By consistently and continually molding Firefox to be as similar to Chrome as possible instead of offering something different enough to present a meaningful choice.
Of course most users took the path of least resistance if the choice was between Chrome and pretty-much-also-Chrome.
I think FFs loss of market share of course has been affected by advertising, but mainly by their own mistakes. I don't think the similarities to Chrome (which were not really so great for a long time) were the main driver.
I tried to hold onto FF for as long as possible for ideological reasons, and then for some years when I couldn't justify it because of just terrible performance, I used Chromium. They had a much, much better plugin market / platform for a long time and that too was a larger part of the draw that differentiated them. I switched back to FF as soon as I heard they had dealt with most of their speed issues in an update but, extremely reluctantly, I have been considering whether they are any better than Chromium at this point with the privacy / ad shenanigans that really seem to insist on reappearing in different ways with great consistency lately. The recent monetization debacle has frankly been disheartening.
So the main points for me are that they failed on speed (which drove most people I know who switched to Chrome) and now on culture/honesty.
I still use Firefox and only Firefox, as I still see it as the lesser evil, while being performant enough (I never really noticed any significant slowness that people keep harping about), but Mozilla is making it harder and harder every year.
Still, I am nowhere near wanting to switch to a Google product - Firefox would have to become really bad for me to consider that - and I see no other browser even remotely close to replacing Firefox for me. It's still "good enough".
I even keep an ancient Firefox version installed in /opt, because I need it to run a small proprietary Java applet for work, but that's another topic. :)
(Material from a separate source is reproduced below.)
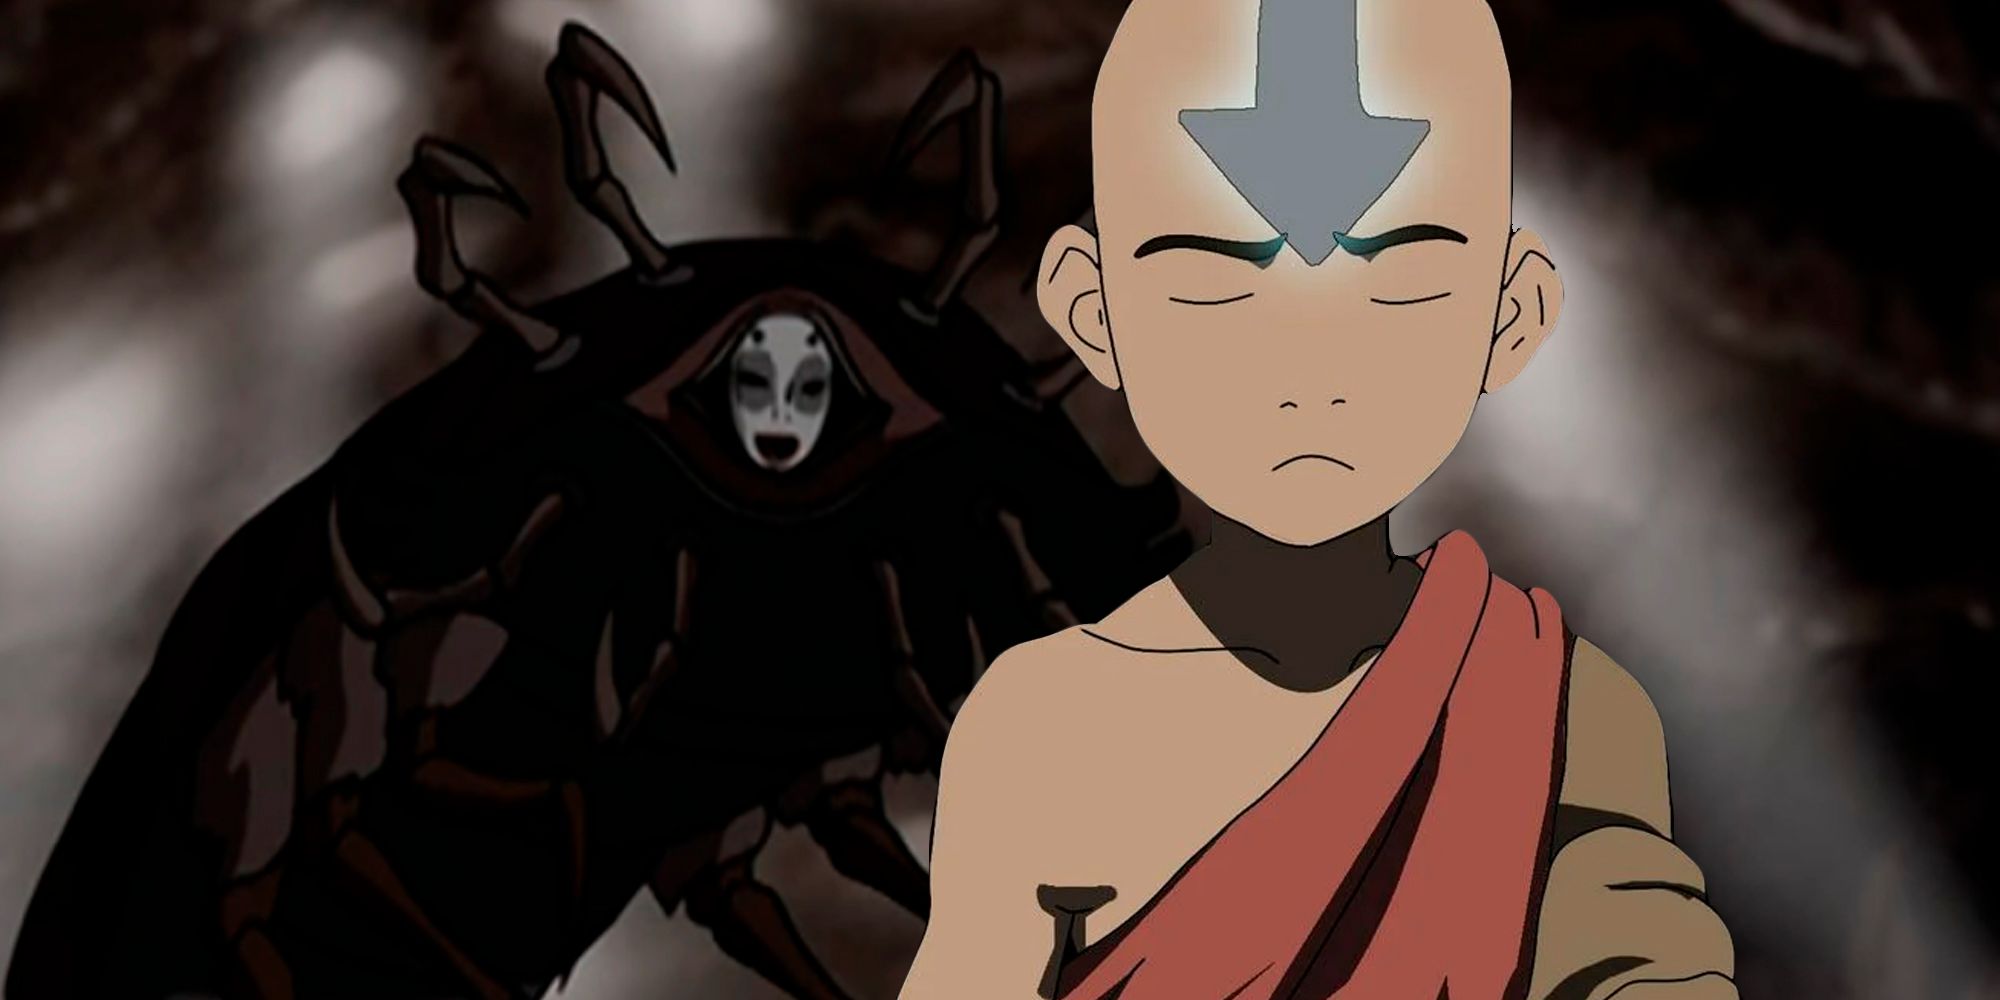 Aang had to face the face stealing spirit Koh in Avatar the Last Airbender season 1

> I never really noticed any significant slowness that people keep harping about
> /opt
From what I understand, the slowness was primarily on Mac (a high-dpi rendering issue) and sometimes Windows (don't recall if there was a specific issue or just several small things that added up). On linux these issues tended not to exist, or at least be nowhere near as bad.
Is it even possible to be "different enough" from Chrome without also being a significantly worse browser? Becoming "as similar to Chrome as possible" is also the thing most browser users want. e.g. Multiprocess broke the XUL add-on model, but it also means dramatically better browser stability.
Multiprocess was a step in the right direction, of course - nobody likes it when one crashed tab brings down everything else with it.
But they kept on removing various cool and useful features just because their telemetry showed that they were only used by a small percentage of users, claiming that they need to save money and focus on things people use the most. Naturally, that leads to the world's blankiest blank of a browser, to borrow a bit of Futurama vernacular.
Of course most users took the path of least resistance if the choice was between Chrome and pretty-much-also-Chrome.